▸ **Input material**:
+++
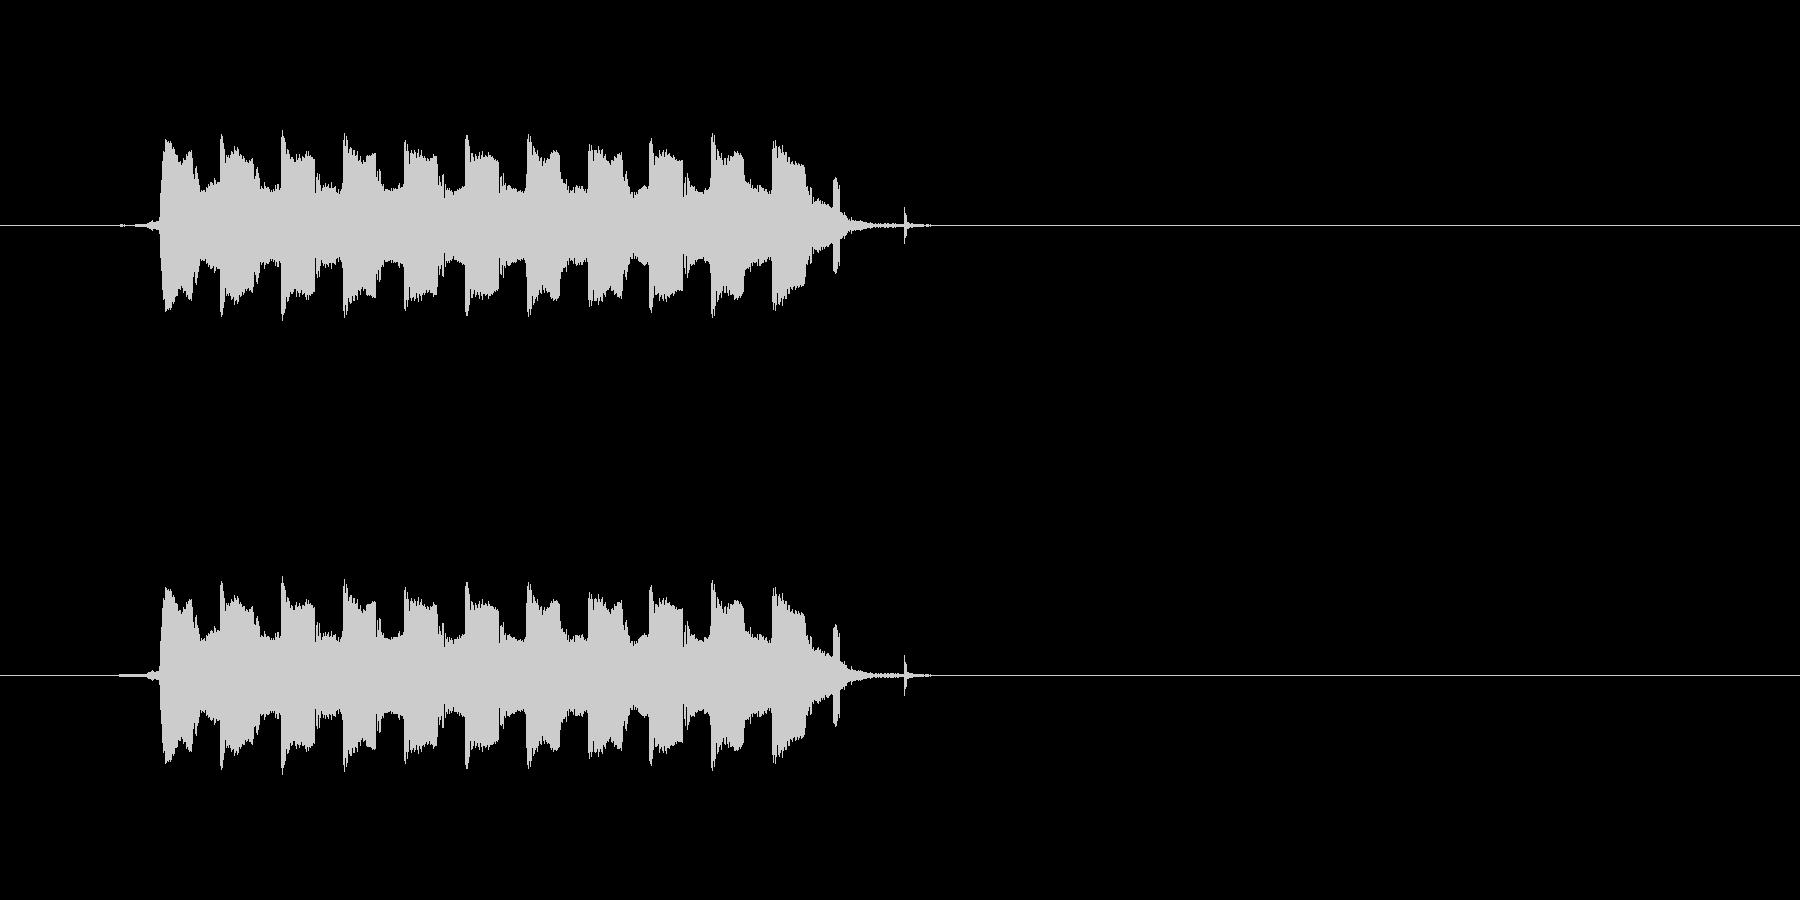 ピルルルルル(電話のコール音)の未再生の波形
+++
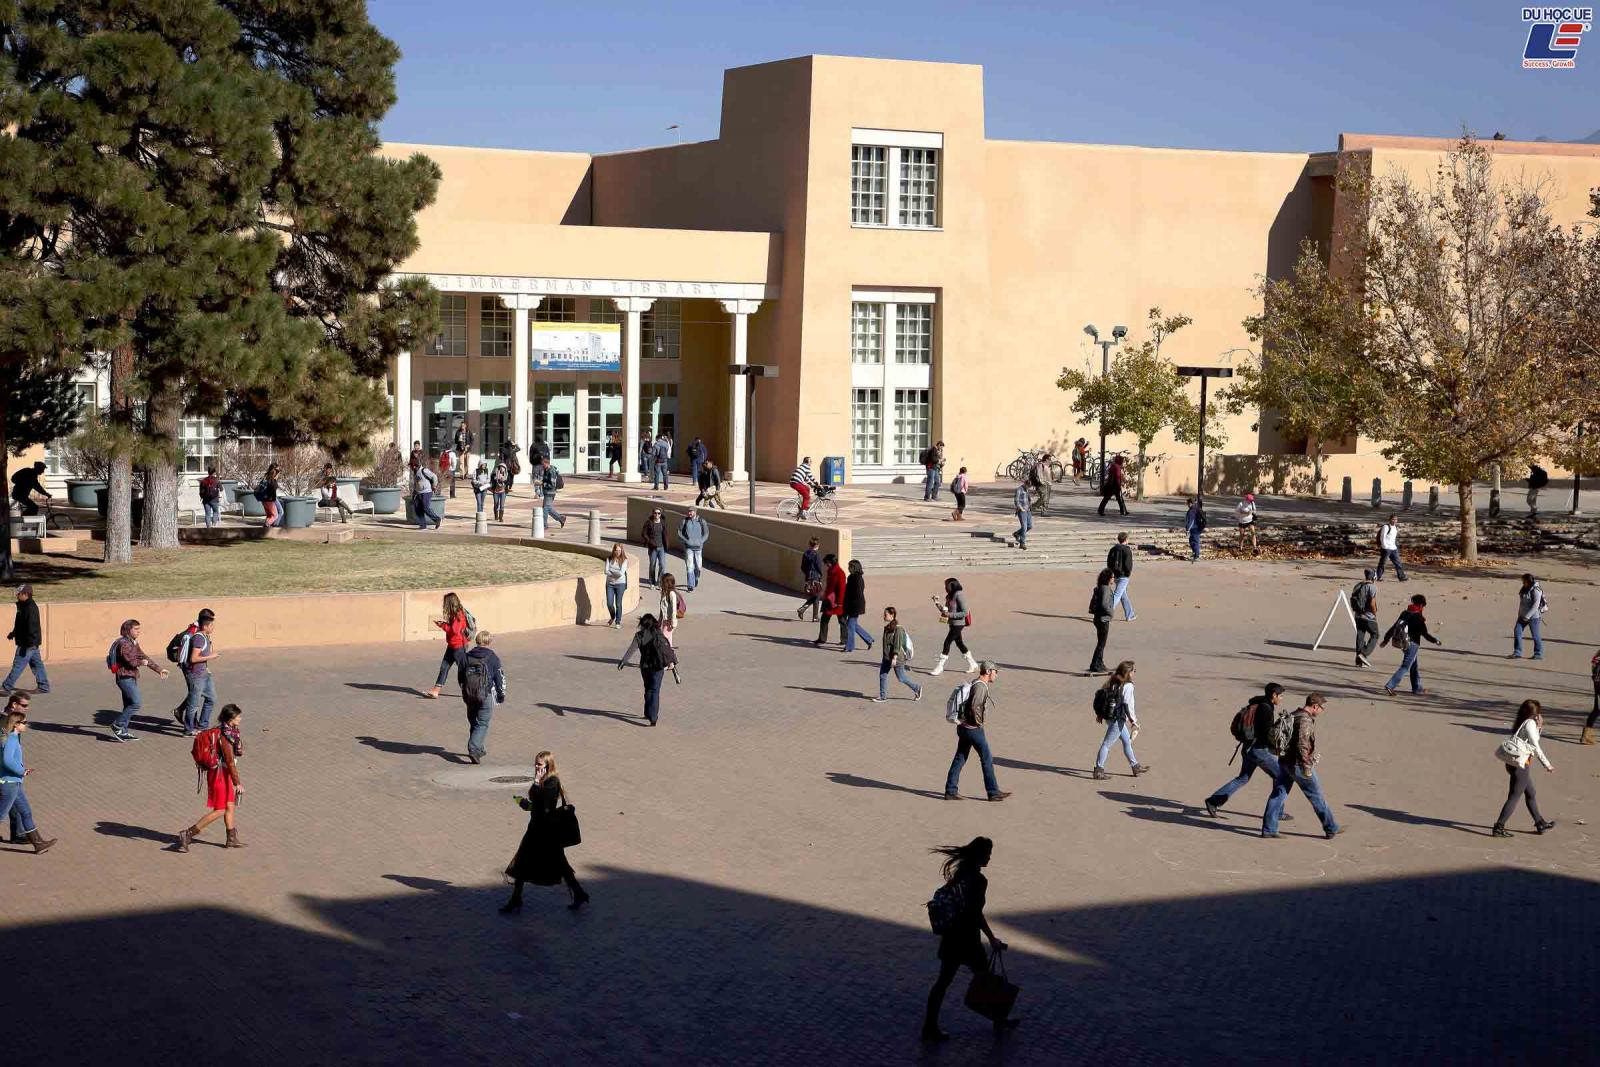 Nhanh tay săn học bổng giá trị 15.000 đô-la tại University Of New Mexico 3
+++
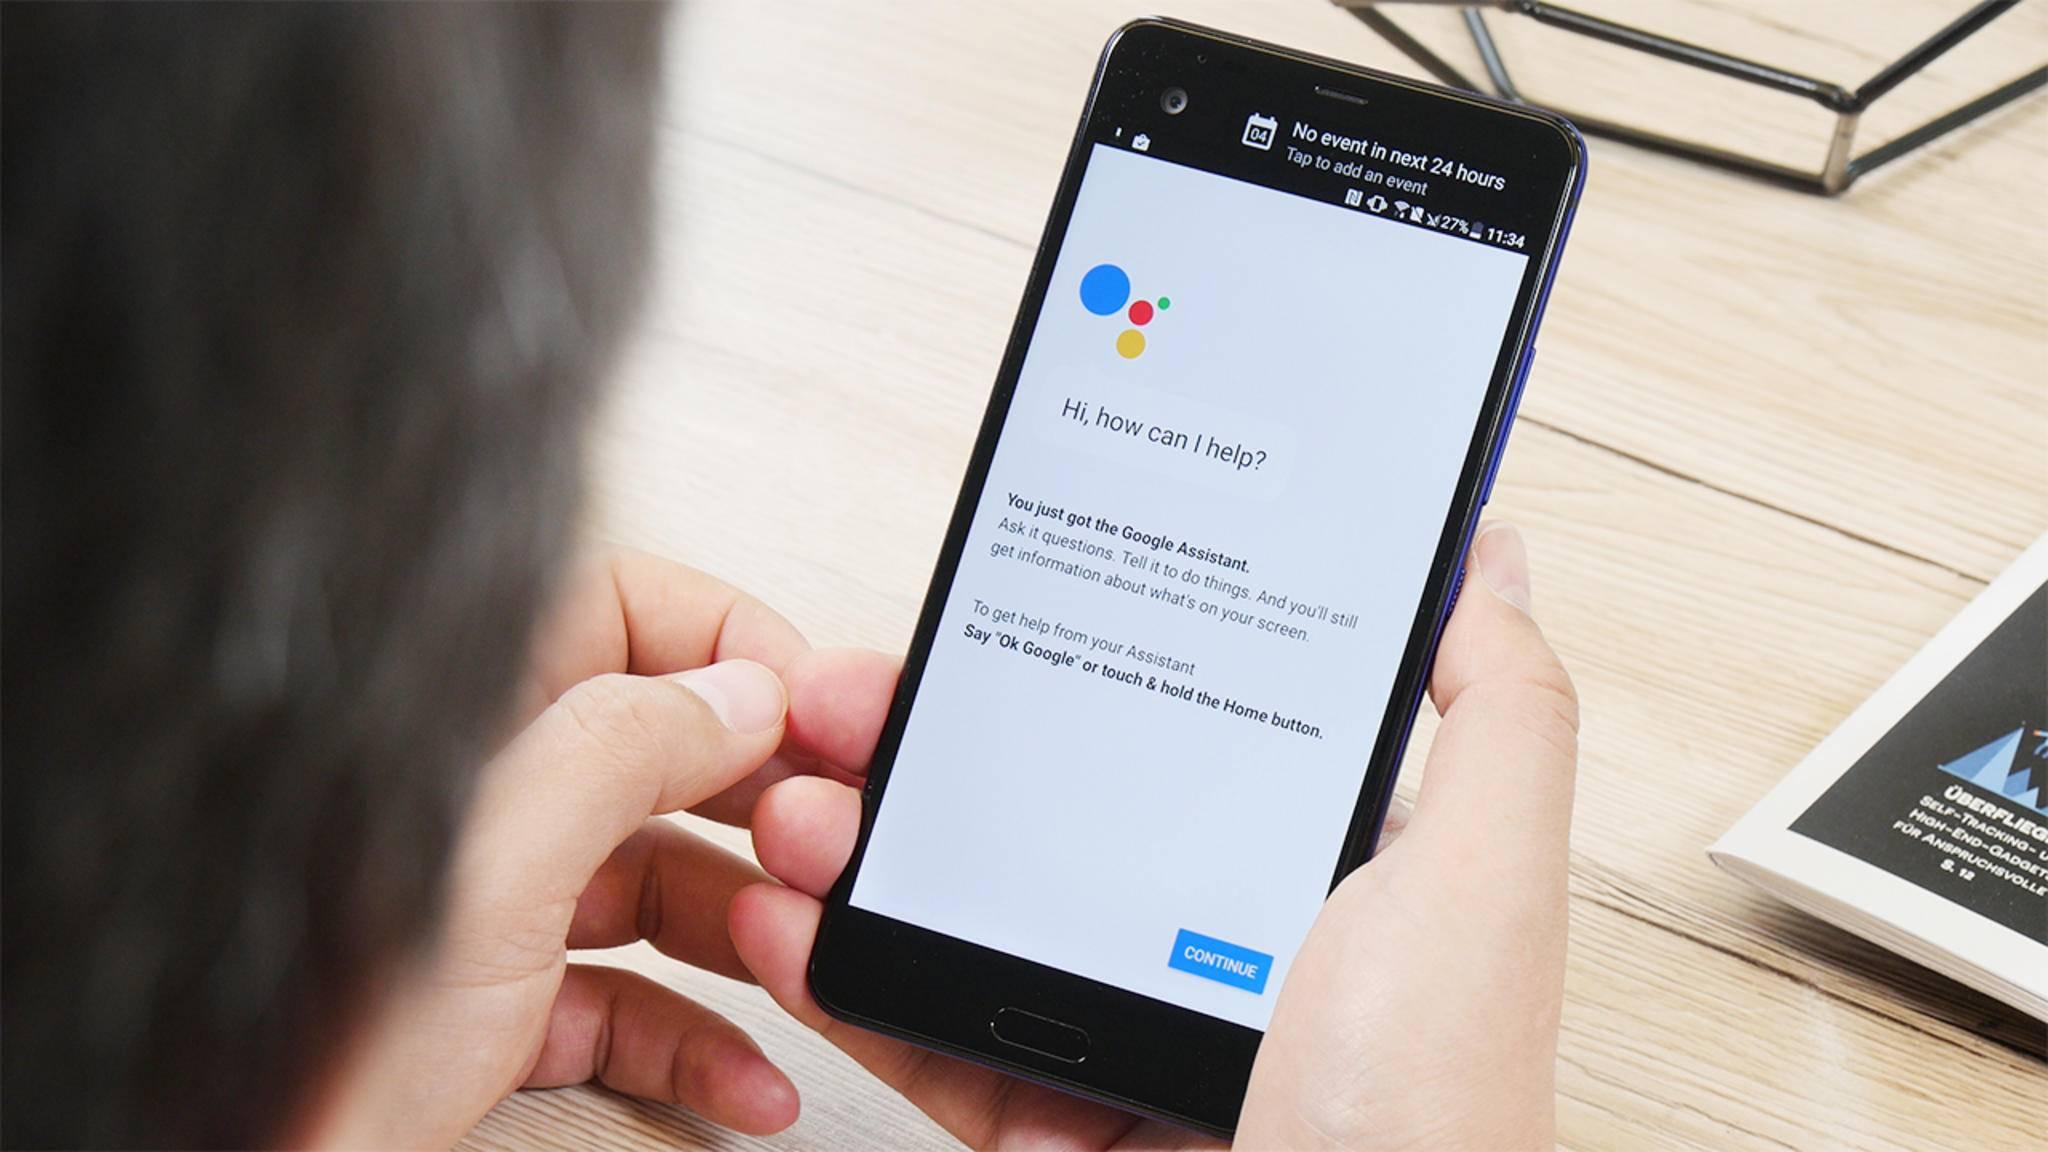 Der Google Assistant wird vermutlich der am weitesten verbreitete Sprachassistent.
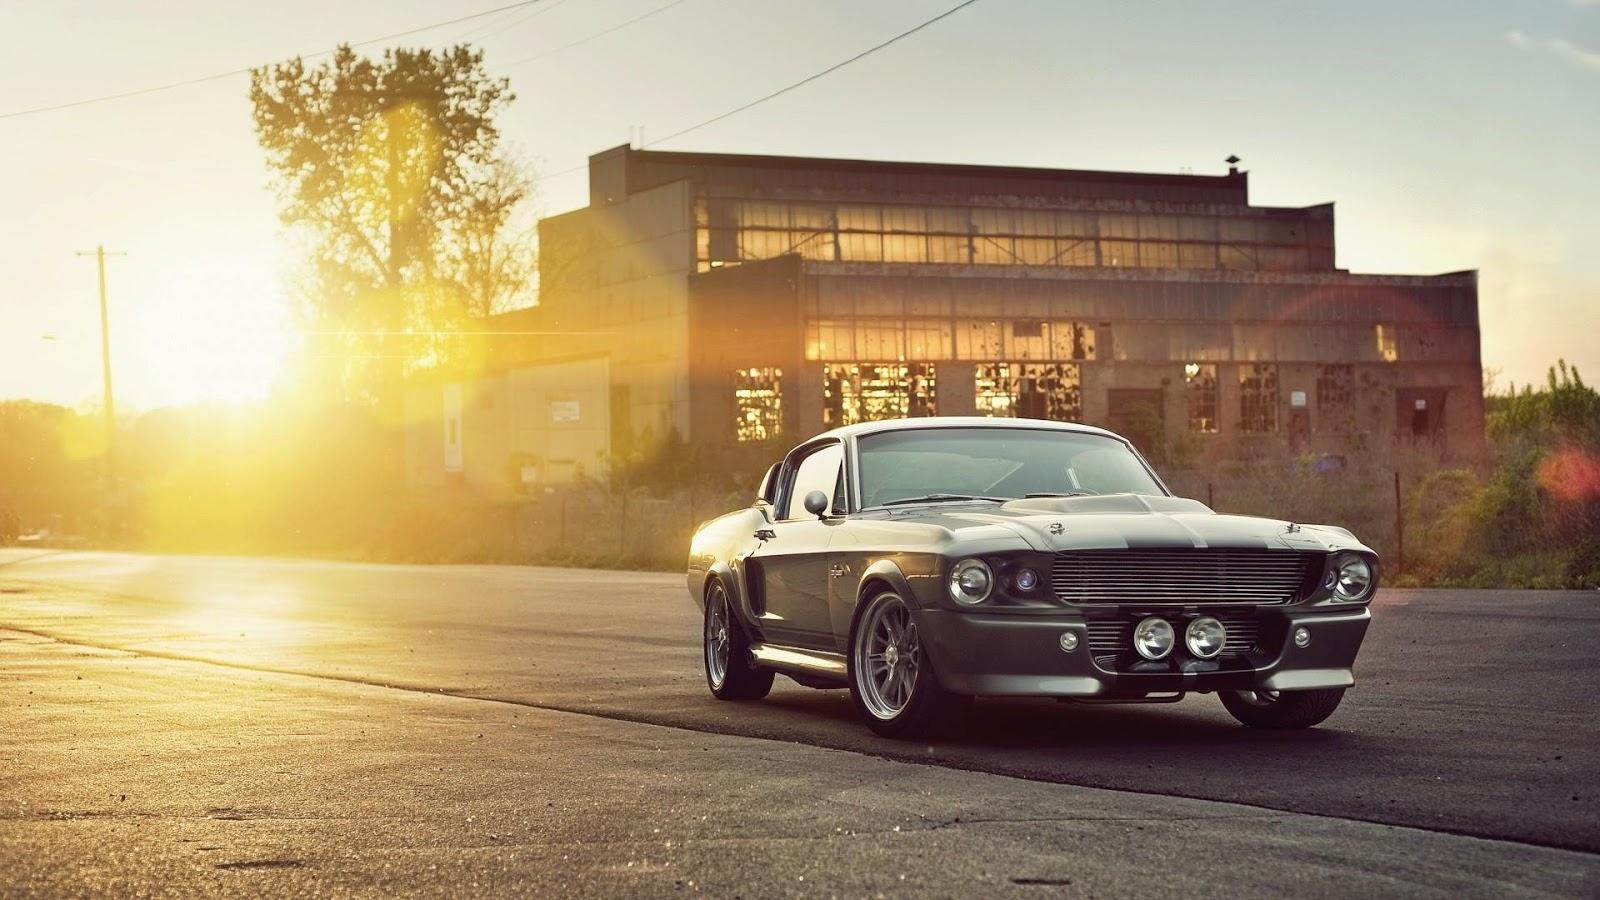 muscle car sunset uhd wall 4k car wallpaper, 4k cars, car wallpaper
+++
▸ **Task to complete**: Please set down, exactly and with no pictures, the lines in the entries above starting at the one holding "Der Google Assistant" and ending at the one holding "muscle car sunset", ends included.

▸ **Answer**:
 Der Google Assistant wird vermutlich der am weitesten verbreitete Sprachassistent.
 muscle car sunset uhd wall 4k car wallpaper, 4k cars, car wallpaper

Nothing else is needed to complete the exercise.